The taxonomy assigns each test to one or more of these 16 stages:

stage_0_idea           → stage_1_data_budget   → stage_2_sniff
stage_3_data_infra     → stage_4_signal        → stage_4c_catalyst
stage_5_portfolio      → stage_6_backtest      → stage_7_robustness
stage_7b_stress_adversarial → stage_8_prereg   → stage_9_holdout
stage_10_paper         → stage_11_live_ramp    → stage_12_production

Each stage has a StagePlan with required tests, recommended tests, and a one-line gate description.

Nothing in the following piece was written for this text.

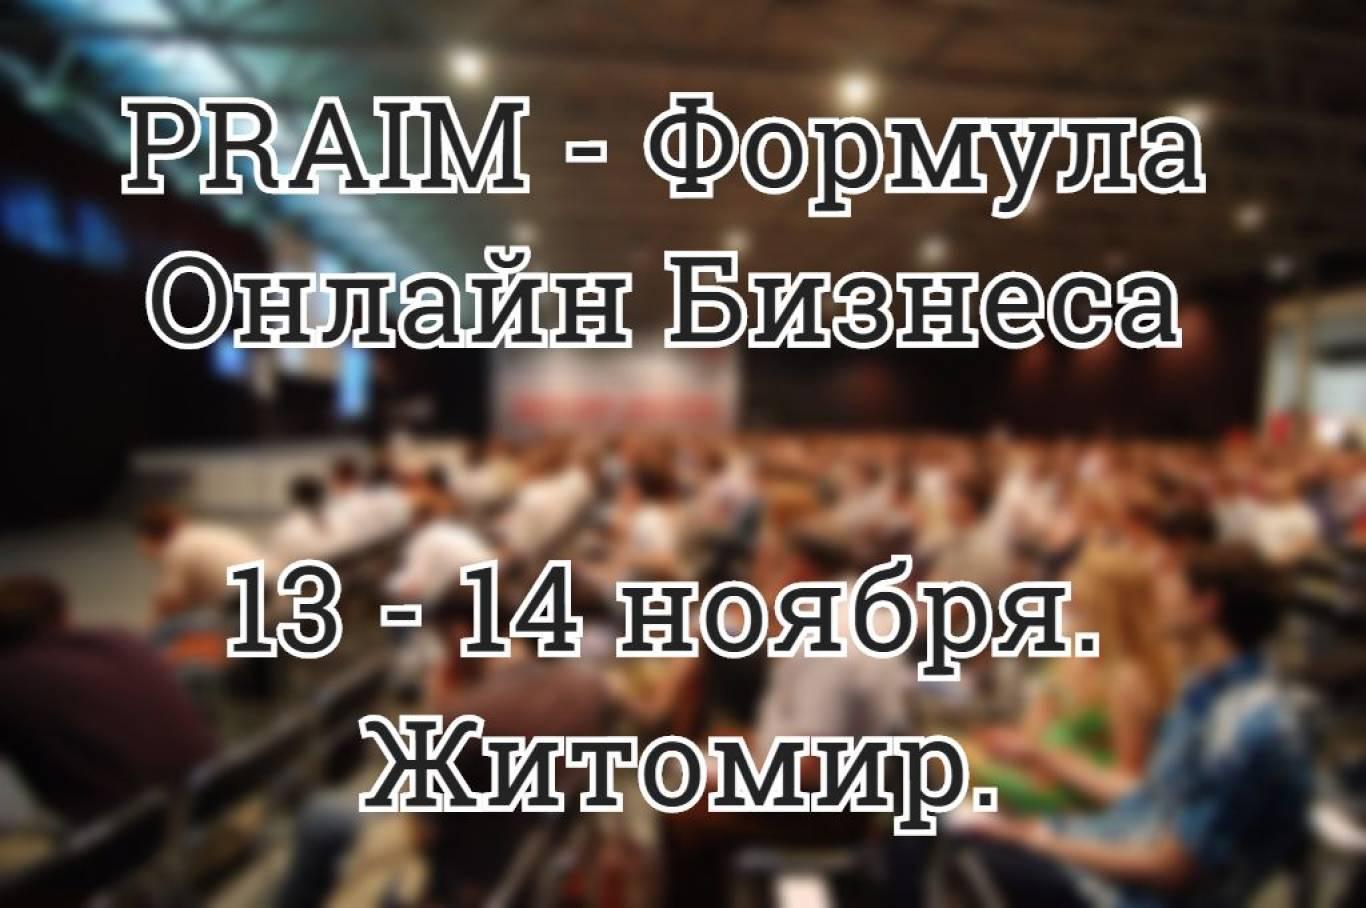 Перша і Унікальна Подія, PRAIM - Формула Онлайн Бізнесу.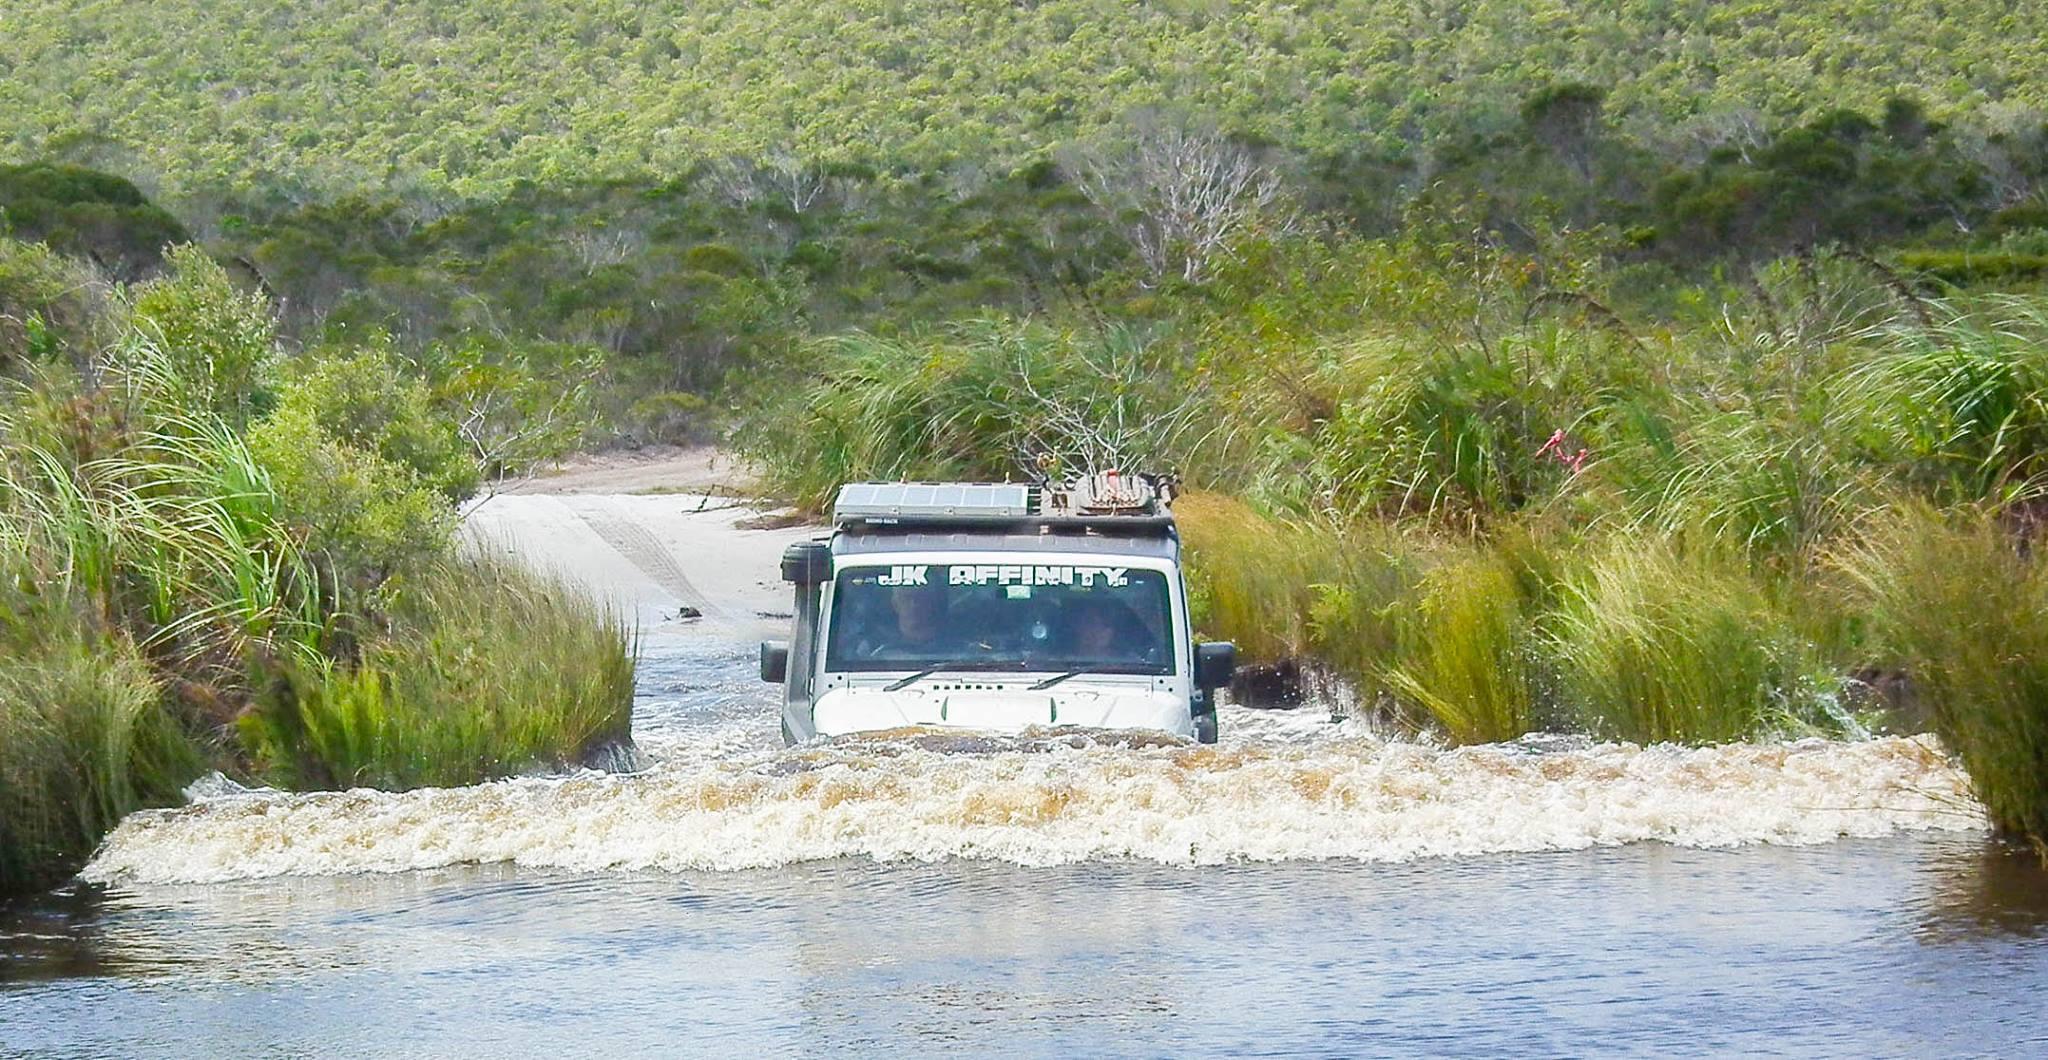 Wasserüberquerung

Get one via lib.by_stage(...).

Queries

Lookup by id

python
t = lib.get("jarque_bera")
print(t.pretty())
# === jarque_bera : Jarque-Bera joint normality ===
#   category        : distributional
#   purpose         : Joint test of skew = 0 and excess kurt = 0.
#   formula         : JB = T/6 * (b1^2 + (b2-3)^2/4) ~ chi2(2)
#   applies to      : strategies=all, stages=[6, 7]
#   SDK function    : horizon.stats.jarque_bera
#   references      :
#       - Jarque & Bera (1980)

The Test is a frozen dataclass:

python
@dataclass(frozen=True)
class Test:
    test_id: str
    name: str
    category: str
    purpose: str
    formula: str
    implementation: str
    thresholds: tuple[tuple[str, Any], ...]
    pitfalls: tuple[str, ...]
    references: tuple[str, ...]
    applies_to_stages: tuple[int, ...]
    applies_to_strategies: str | tuple[str, ...]
    sdk_implementation: str | None

By pipeline stage

python
sp = lib.by_stage("stage_4_signal")
print(sp.pretty())
# === stage_4_signal ===
#   required (8):
#     - ic_spearman              Information Coefficient (Spearman)
#     - ic_information_ratio     IC Information Ratio
#     - ic_bootstrap_ci          Stationary bootstrap CI on mean IC
#     - ic_decay_curve           IC decay curve
#     - signal_autocorrelation   Signal autocorrelation
#     - fama_macbeth_regression  Fama-MacBeth cross-sectional regression
#     - look_ahead_check         Look-ahead audit
#     - information_bar_sampling Information-driven bars
#   recommended (5): ...
#   gate            : CV mean IC and IR above thresholds; CI excludes zero

By strategy type

python
for t in lib.by_strategy("trend_following"):
    print(t.test_id, t.name)

Includes all tests marked applies_to_strategies = "all" plus any strategy-specific addendum tests.

By category

python
ldp = lib.by_category("lopez_de_prado_methods")
print(f"{len(ldp)} tests")
# 28 tests

Free-text search

python
for t in lib.search("autocorrel"):
    print(t.test_id, t.name)
# signal_autocorrelation   Signal autocorrelation
# ljung_box                Ljung-Box autocorrelation test
# durbin_watson            Durbin-Watson
# newey_west_t_stat        Newey-West t-statistic

Gate criteria

python
g = lib.gate("gate_2_robustness")
print(g.pretty())
# === gate_2_robustness : Robustness battery gate ===
#   stage           : stage_7_robustness
#   pass criteria   (12):
#     - DSR > 0.95 after trial-count adjustment
#     - Haircut Sharpe > pre-stated benchmark
#     - ...
#   fail modes      (5):
#     - overfitting_to_parameters
#         → Loopback to stage_4_signal with simpler signal
#     - ...

Or look up by stage:

python
g = lib.gate_for_stage("stage_7_robustness")
# Returns the GateCriteria whose .stage matches, or None.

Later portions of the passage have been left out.